Боже мой, это наш любимый «волшебный фонарь»! – Тася подняла лицо к потолку, где на бронзовых зеленых цепях висел светильник в свинцовой оплетке, собранный из разноцветных стекол. – Вера, ведь он висел над роялем, ты помнишь? Мы всегда, даже днем, зажигали его, играя в две руки полонезы Шопена. Нам казалось, что светильник начинает переливаться, наполняется то золотым, то зеленым, то синим. Мой поклонник, немец-студент фон Штаубе, говорил, что, когда мы играем, в светильнике начинает звучать «музыка сфер».

Она поискала на стене выключатель. Зажгла светильник и стояла под ним восхищенно, воздев к нему руки, словно молилась на волшебное, загоревшееся над ее седой головой светило, прислушиваясь к таинственным, витавшим под потолком звучаниям.

– Это чудо какое-то! А эта тумбочка, она стояла в гостиной! Как-то вечером, когда шел дождь, было сумрачно, все попрятались по комнатам. Наш огромный дом затих, и мне стало так печально и одиноко, что я прокралась в гостиную, сжалась в комочек у тумбочки и думала о том, как умру. Было так горько знать, что навсегда исчезну и меня никогда не будет. Отыскала подушечку со швейными иголками и острием нацарапала на тумбочке свое имя, словно желая увековечить. Боже мой, да вот же оно!

Тася тронула большой, пухлой, перевитой венами рукой ореховое дерево тумбочки, и от ее прикосновения проступили тонкие буквы. Усталая старческая рука утончилась, засветилось хрупкое девичье запястье, и в тонких пальчиках драгоценно блеснула игла.

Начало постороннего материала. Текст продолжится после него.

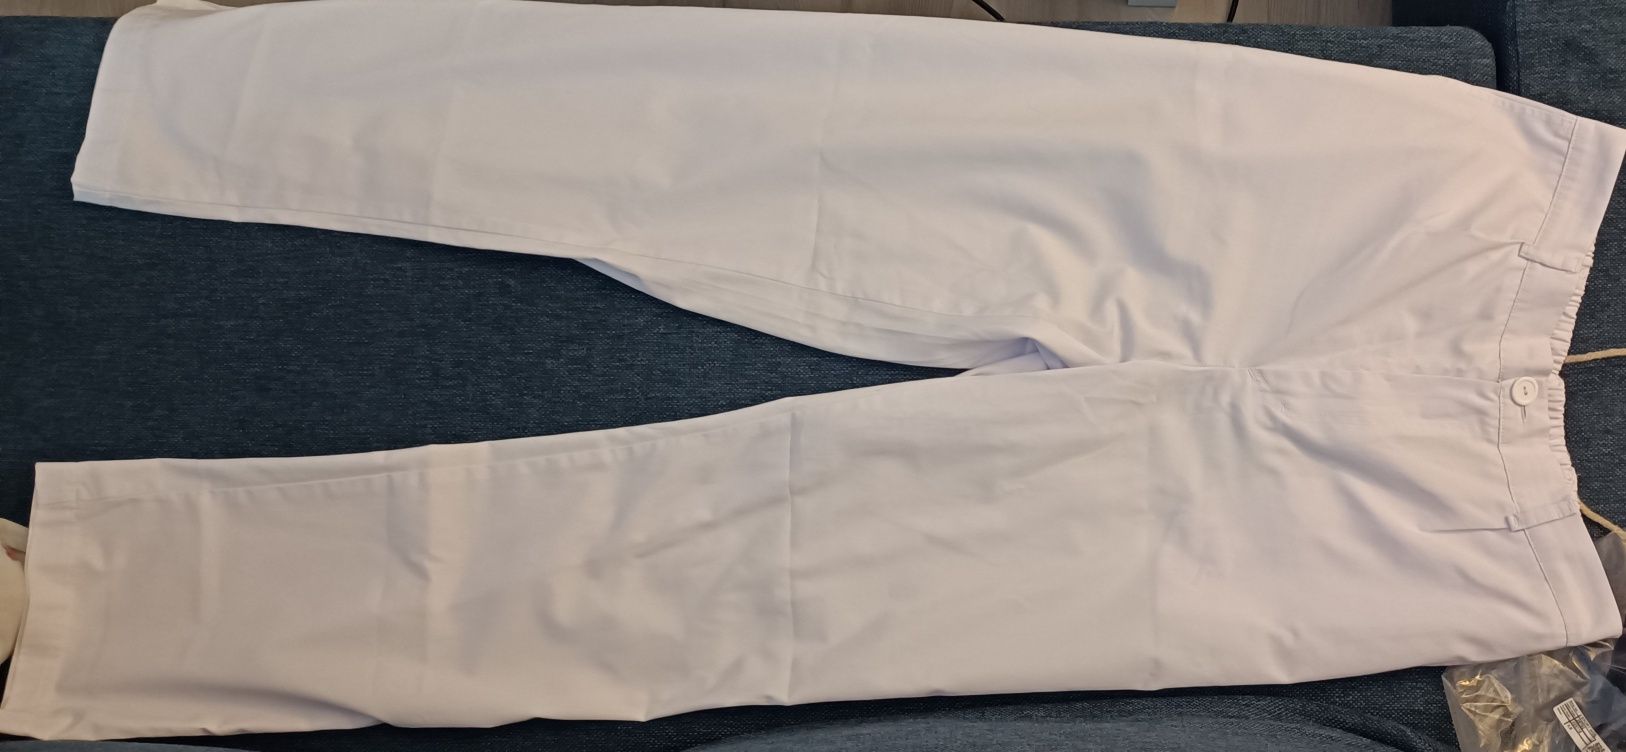 Spodnie medyczne męskie scrubs białe rozmiar M/L 48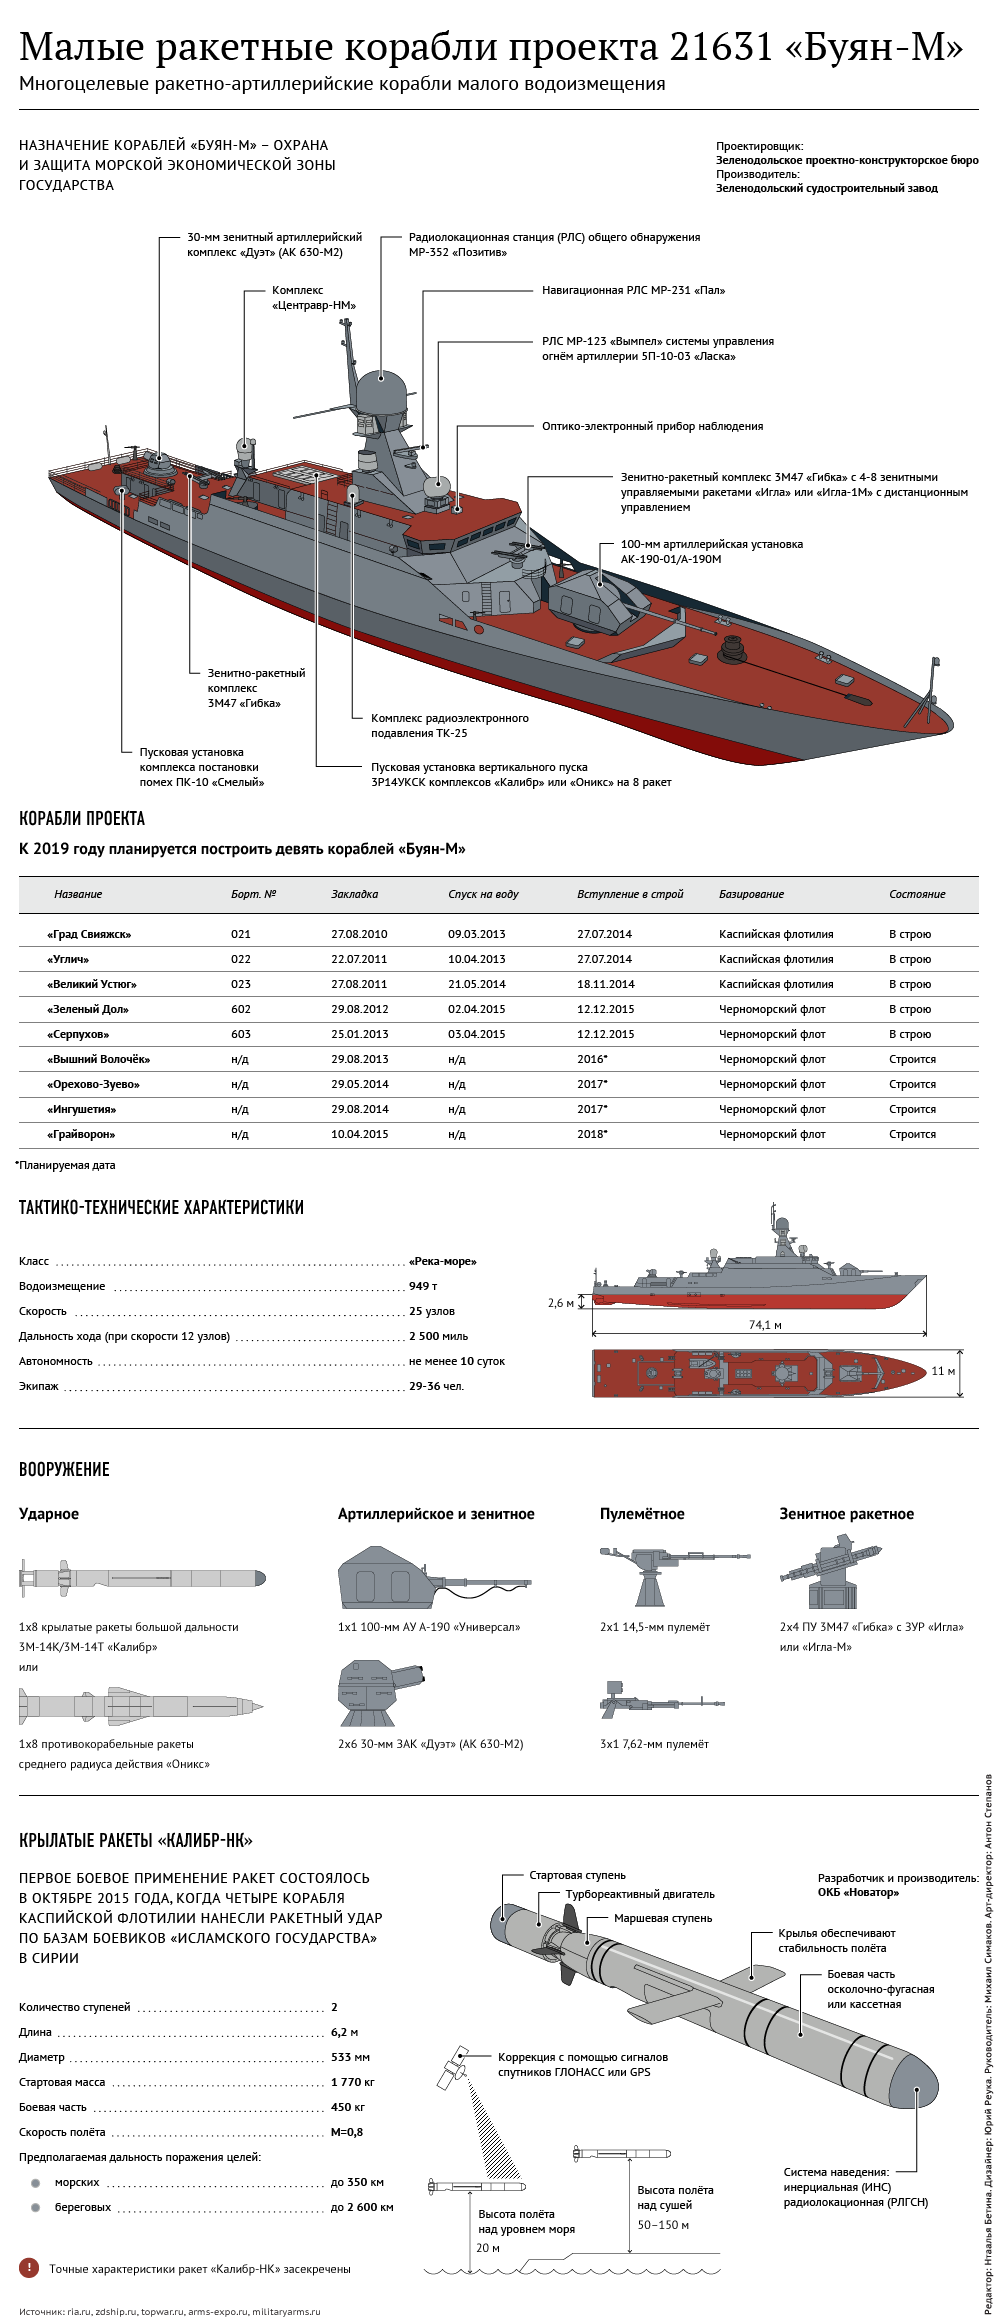 ✅ малые ракетные корабли проекта 21631 «буян-м» (россия) - legguns.ru

Коробейников с благоговением наблюдал обряд поклонения фетишам, каждый из которых отзывался звуком, свечением, едва уловимым колебанием, признавая в Тасе ее подлинность, достоверность, сообщая другим, присутствующим при обряде, что эта престарелая дама в иноземных нарядах, явившаяся из иного уклада и времени, является не мнимой, а истинной родственницей, связана с остальными священными узами рода, поклоняется, как и они, деревянным идолам и богам из ореха и красного дерева, молится священным сосудам и вазам, светильниками и лампадам.

– Зеркало, милое, дорогое! – Она подошла к подзеркальнику, над которым в старой высокой раме сияло тусклое серебряное стекло. Приблизила одутловатое лицо, в складках, припорошенное мертвенной пудрой, окруженное ненатуральной, голубоватой сединой. – Как я любила в него смотреться! Расчесывать волосы костяным гребнем! Прикреплять к груди белый бант! Перед тем как идти на свидание к фон Штаубе, целый час проводила перед этим зеркалом, примеряя поочередно сто разных платьев! Как я люблю тебя, милое зеркало!

Она приблизила губы к стеклянной грани, где застыла холодная сочная радуга, и поцеловала стекло. Затуманенное ее дыханием, зеркало вдруг отразило прелестный девичий лик с сияющими очами, кокетливой милой улыбкой, белый шелковый бант на невинной робкой груди.

Все зачарованно смотрели на Тасю, любя, сострадая, принимая ее в свой поределый круг, куда она стремилась, пересекая океаны и континенты, преодолевая необозримое пространство порознь прожитых лет.

– Что же я сижу! – спохватилась она. – Привезла вам подарки!

Она кинулась к чемодану, величественному, кожаному, с распухшими боками, на котором медные застежки, красивые замки, крохотные колесики свидетельствовали о добротном, продуманном, устоявшемся укладе. Прохрустела запорами, откинула крышку, и оттуда выдавилось и распустилось нечто пушистое, мягкое, золотисто-горчичного цвета.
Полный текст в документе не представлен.